Hart- en vaatziektes zijn wereldwijd de belangrijkste doodsoorzaak. In België lijden minstens 60 000 mensen aan een aneurysma van de aorta, ofwel een permanente dilatatie van de aorta veroorzaakt door verzwakking van de aortawand. De meest ernstige complicatie is een aortadissectie of -ruptuur, geassocieerd met sterftecijfers tot 95%. Ondanks de schaal en de impact van deze aandoening is de opvolging en de behandeling ervan amper verbeterd in de laatste 20 jaar.

Er is nood aan divers onderzoek om de therapeutische strategieën met betrekking tot deze ziekte te verbeteren. In dit doctoraat ligt de focus op de verbetering van de klinische praktijk omtrent aneurysmata van de thoracale aorta ascendens door het bepalen van nieuwe voorspellende parameters voor het ruptuurrisico én het onderzoeken van de toepasbaarheid van een recent ontwikkelde chirurgie voor patiënten met de ziekte van Marfan. De ziekte van Marfan is een genetische bindweefselziekte die zich ook manifesteert in onder andere aneurysmata van de thoracale aorta. Daarnaast willen we een gecontroleerde in vitro omgeving ontwikkelen om toekomstig onderzoek naar vasculaire adaptatie aan veranderde mechanische omgevingen te vergemakkelijken en te verbeteren.

Aneurysmata van de thoracale aorta zijn een multifactoriële aandoening waarvan het ontstaan en het ziekteverloop nog niet volledig gekend zijn.
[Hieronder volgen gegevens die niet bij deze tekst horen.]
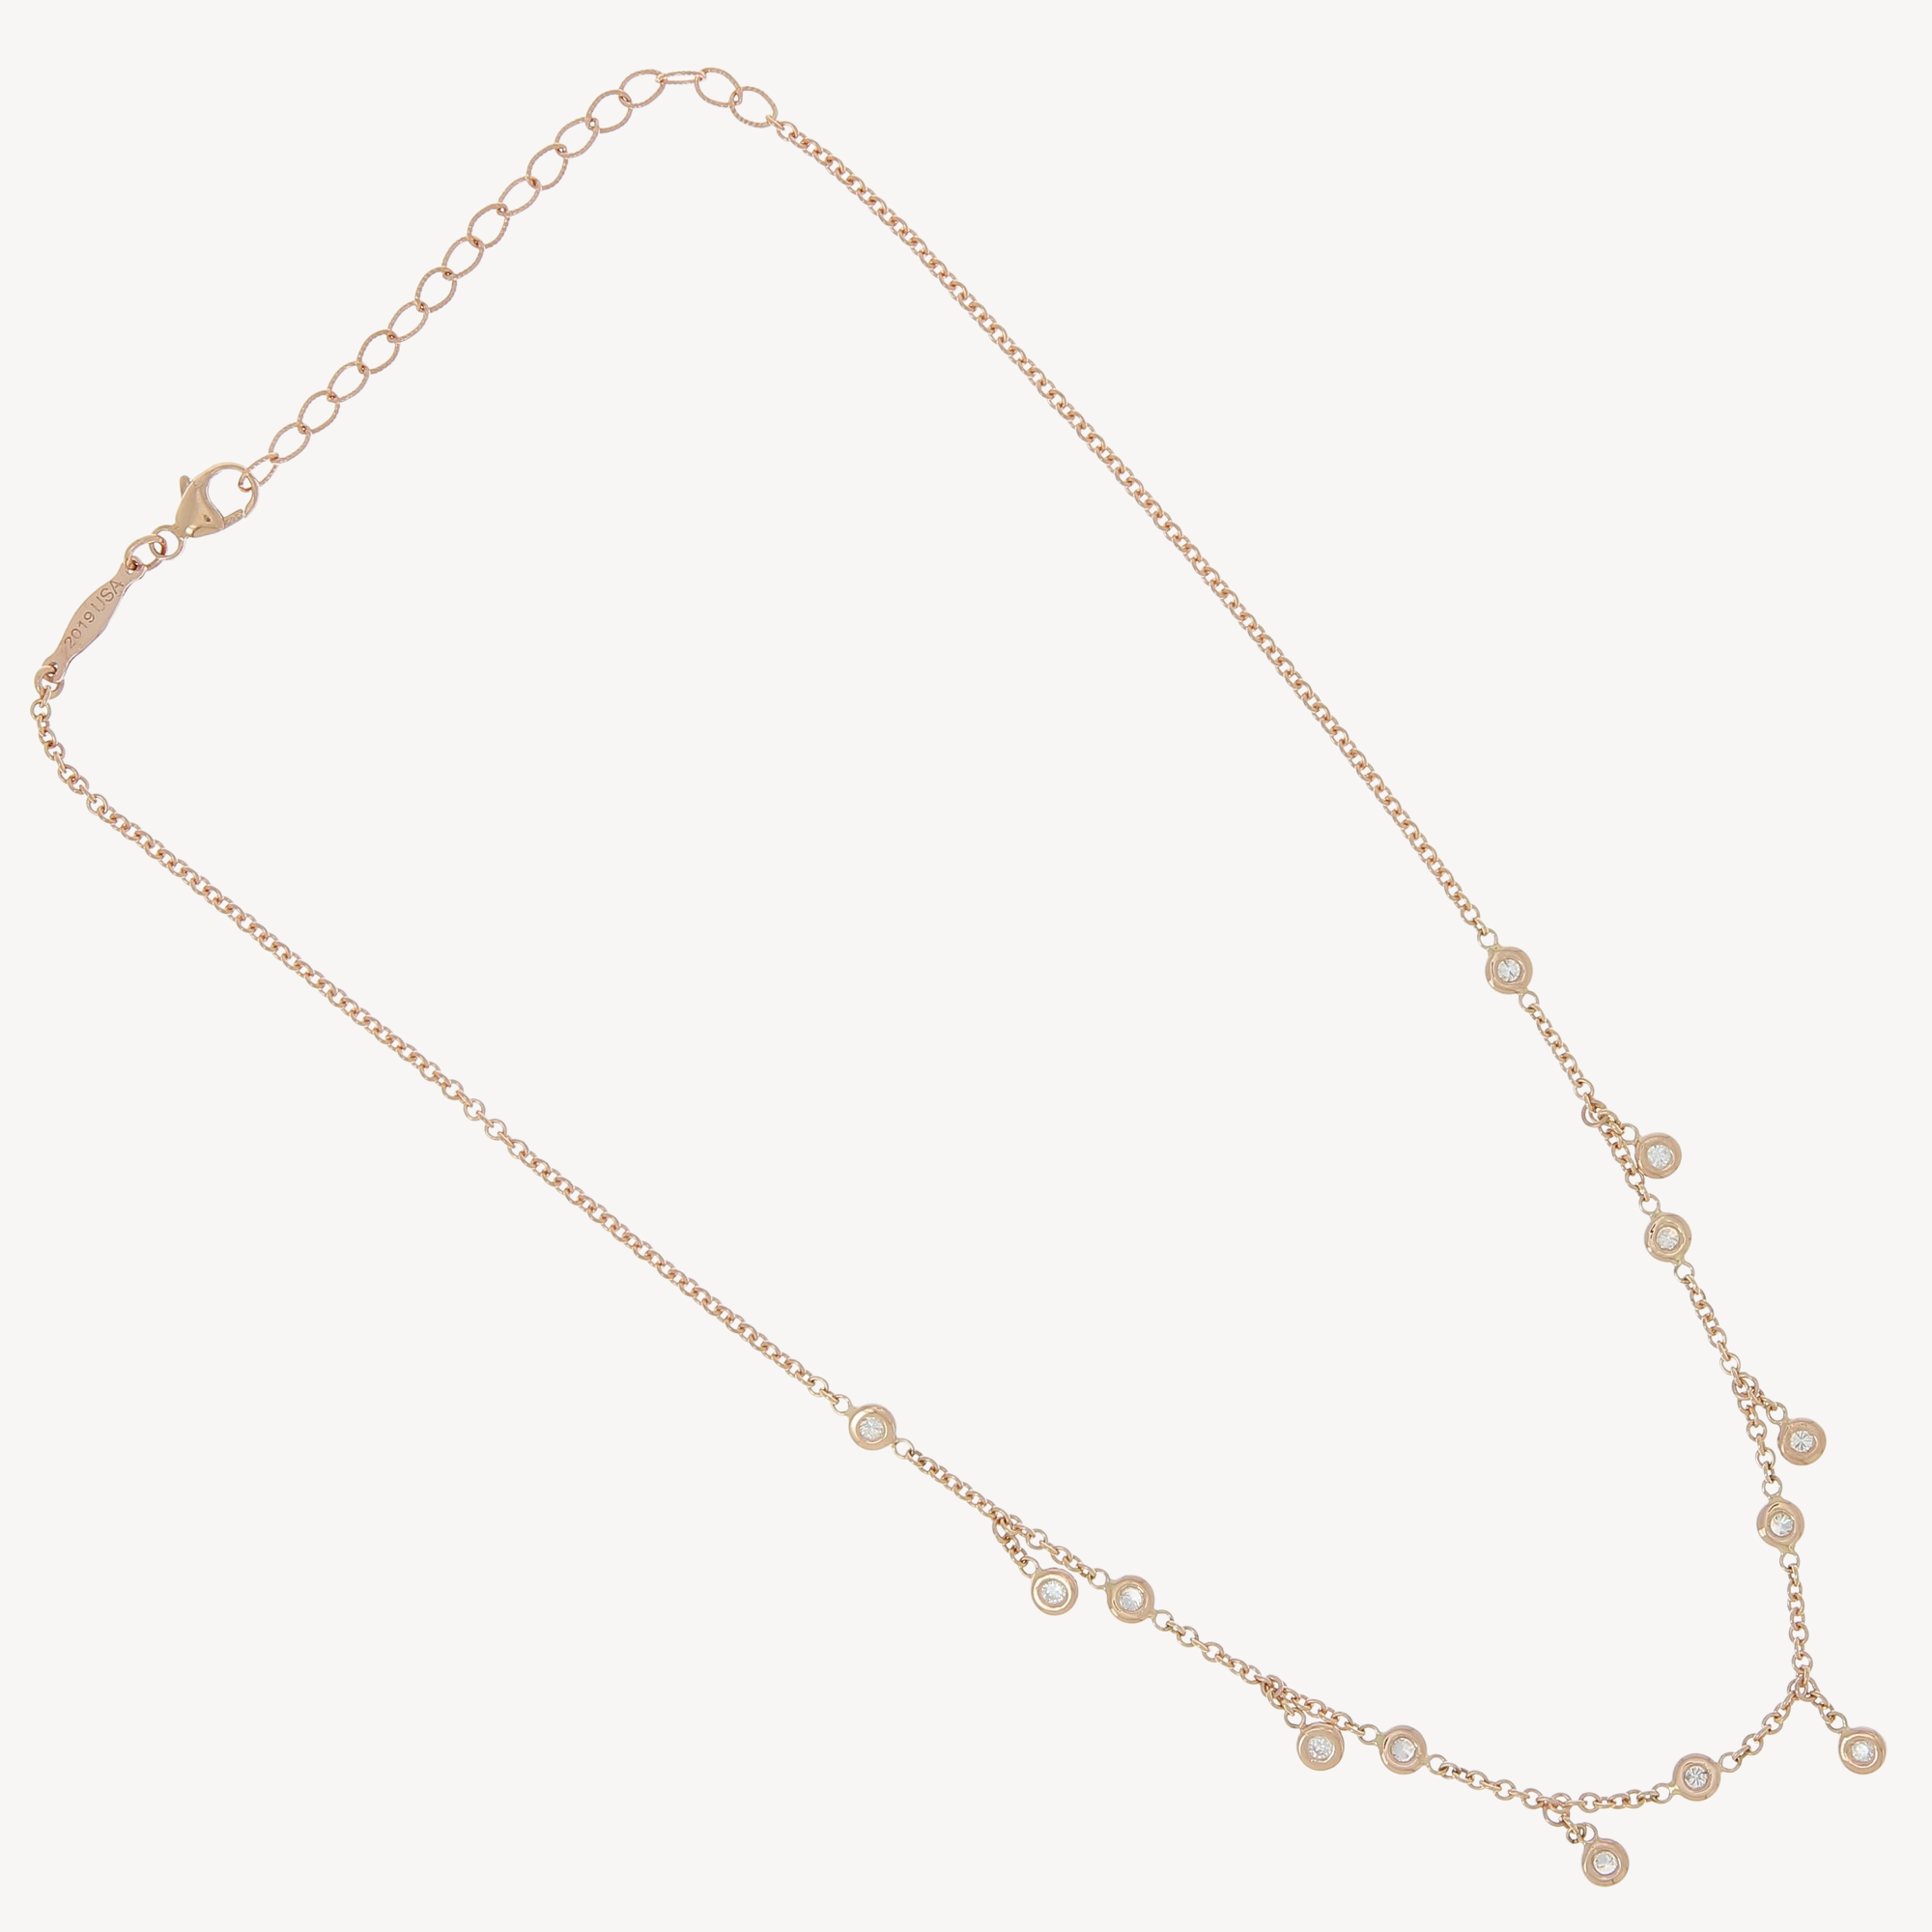 Spaced out diamond half shaker necklace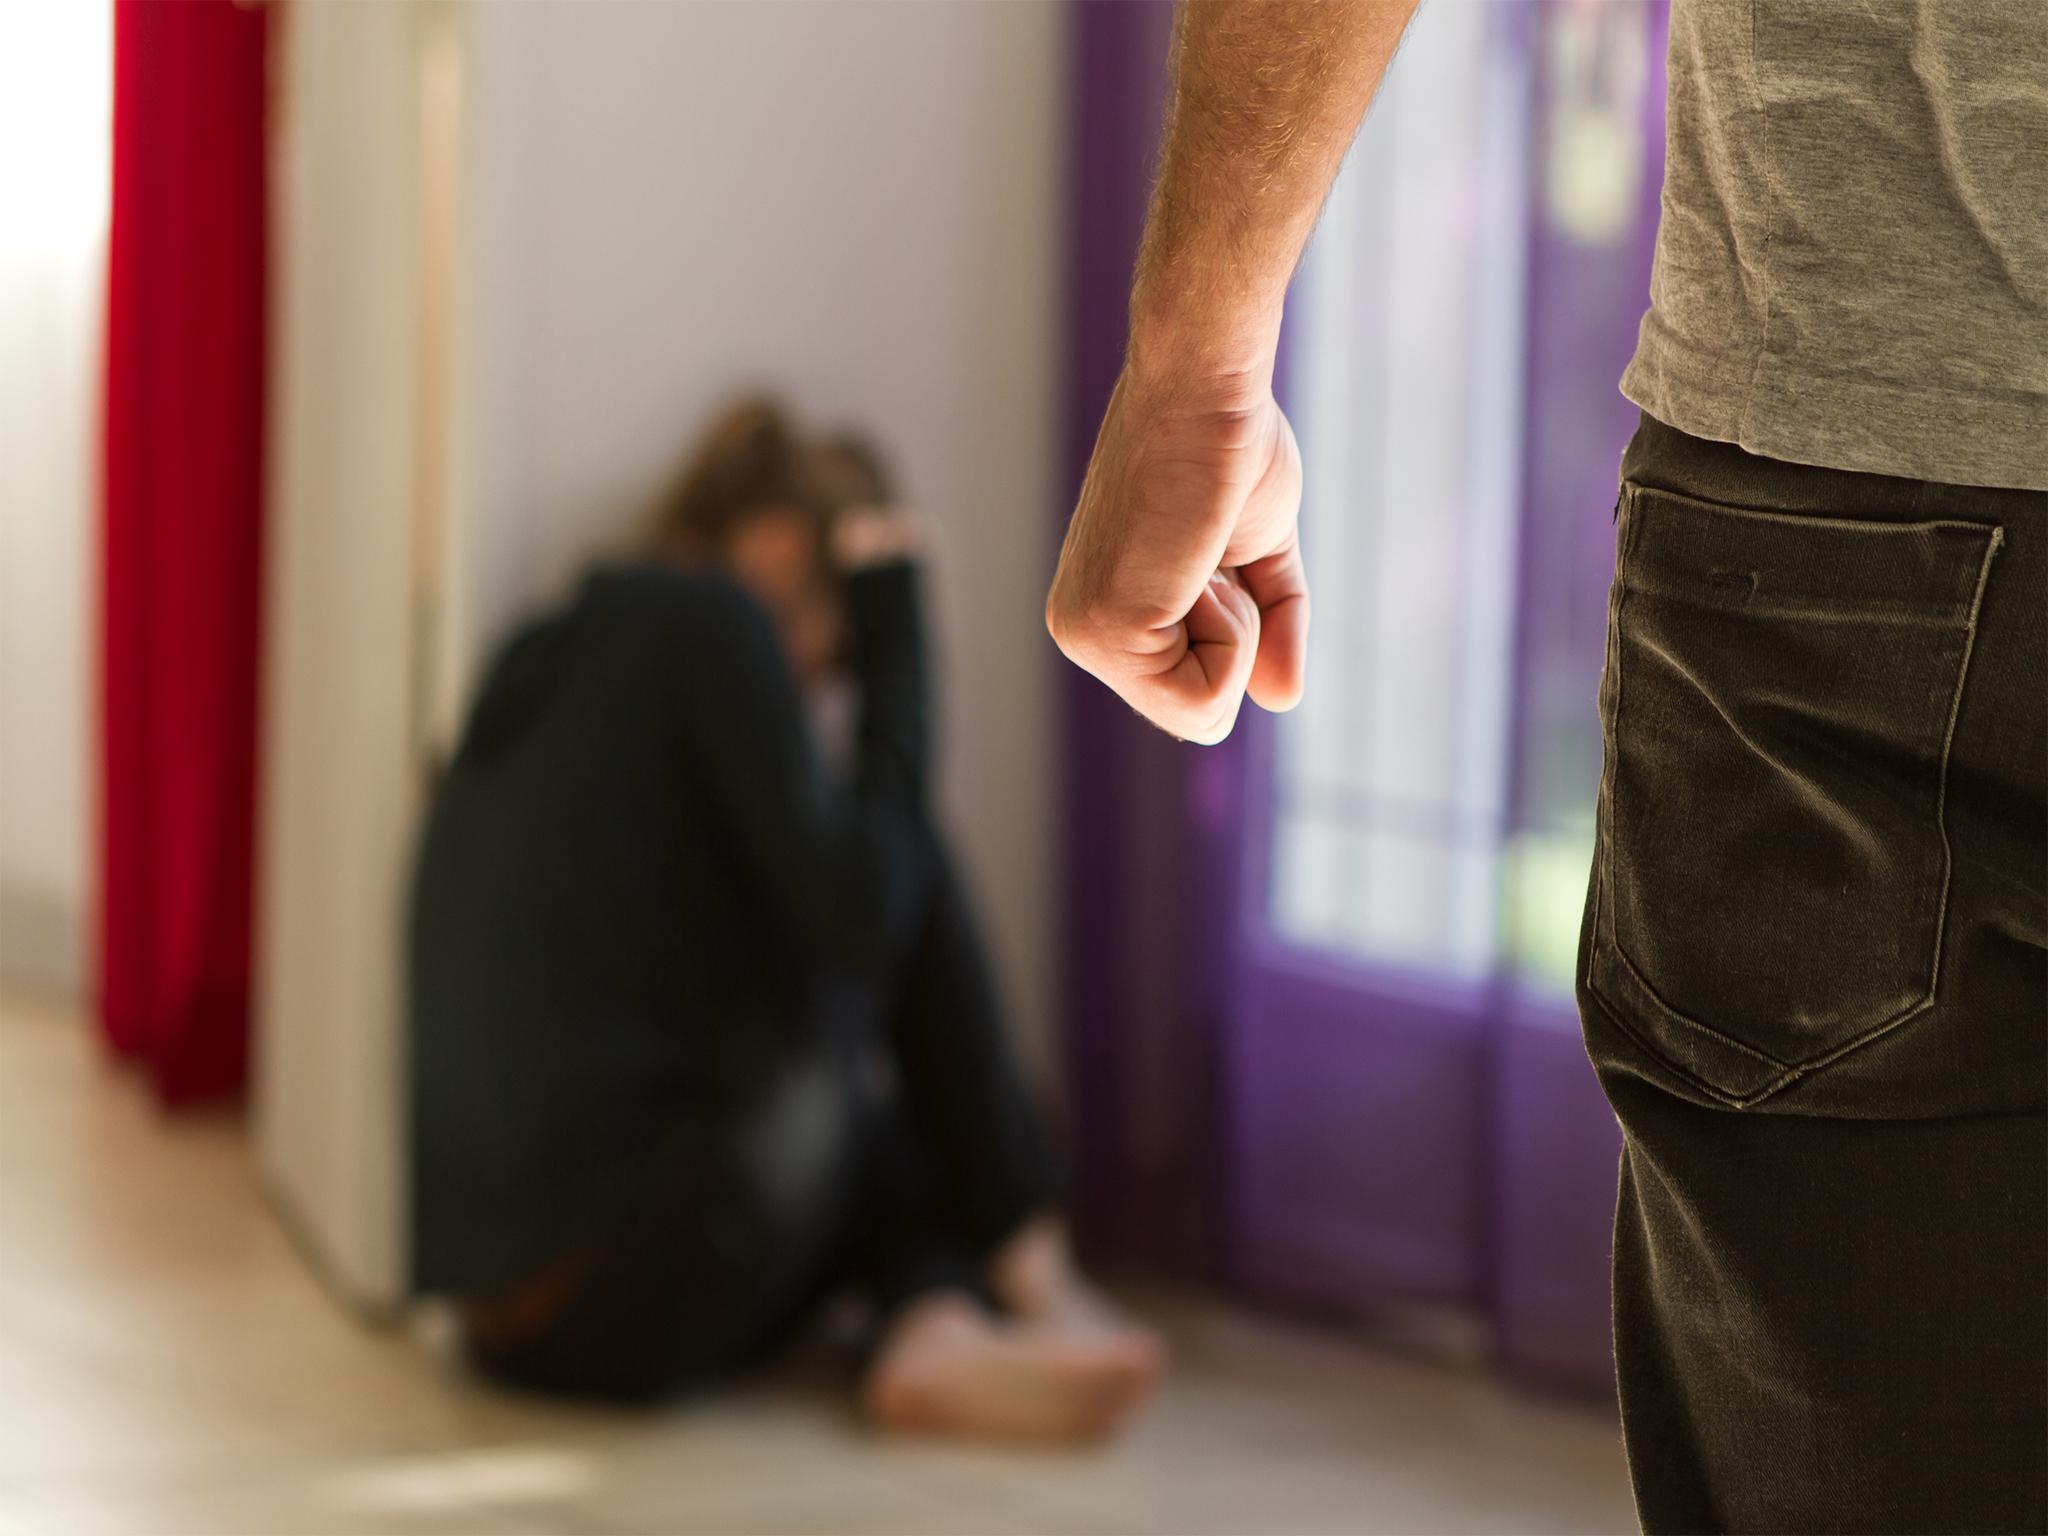 An estimated 2 million adults aged 16 to 59 experienced domestic abuse in 2016, according to the ONS

Er ontbreekt fundamentele informatie over de microstructurele en mechanische trends in de thoracale aorta. Daarom hebben we in dit onderzoek vier menselijke thoracale aorta's op 28 specifieke locaties geanalyseerd. Deze analyse bracht meerdere patronen aan het licht in de aortamicrostructuur (afname van de tunica media dikte en de hoeveelheid elastine en spiercellen; toename van de tunica intima dikte en het collageengehalte) en passieve mechanische respons (toename in stijfheid) volgens de longitudinale as. De afwezigheid van de collageen afzet in de subendotheliale laag tijdens arteriële veroudering kan de hogere prevalentie van aneurysmata van de thoracale aorta ascendens verklaren, terwijl de verminderde aanwezigheid van elastine de verhoogde groeisnelheid van aneurysmata van de thoracale aorta descendens kan verklaren.

De chirurgische beslissing voor de behandeling van aneurysmata van de thoracale aorta is momenteel gebaseerd op een geometriecriterium waarbij de maximale aneurysma diameter wordt gebruikt om het risico op complicaties te bepalen. Hoewel dit criterium inefficiënt en onbetrouwbaar is, is het al jaren de norm. In dit onderzoek legden we de basis voor een nieuw gepersonaliseerd criterium. De biomechanische en structurele eigenschappen van het aneurysma weefsel samen met de aorta morfologie en patiëntkenmerken werden bepaald van 30 patiënten. Geometrie-gerelateerde factoren, geslacht, leeftijd, lengte, bloeddruk en BMI bleken de biomechanica, meer bepaald de weefselsterkte, van het aneurysma weefsel significant te beïnvloeden. Aanvullend onderzoek waarbij deze vijf parameters worden gecombineerd, kan leiden tot een nieuw, verbeterd criterium voor het bepalen van het risico op ruptuur bij patiënten met een aneurysma van de thoracale aorta.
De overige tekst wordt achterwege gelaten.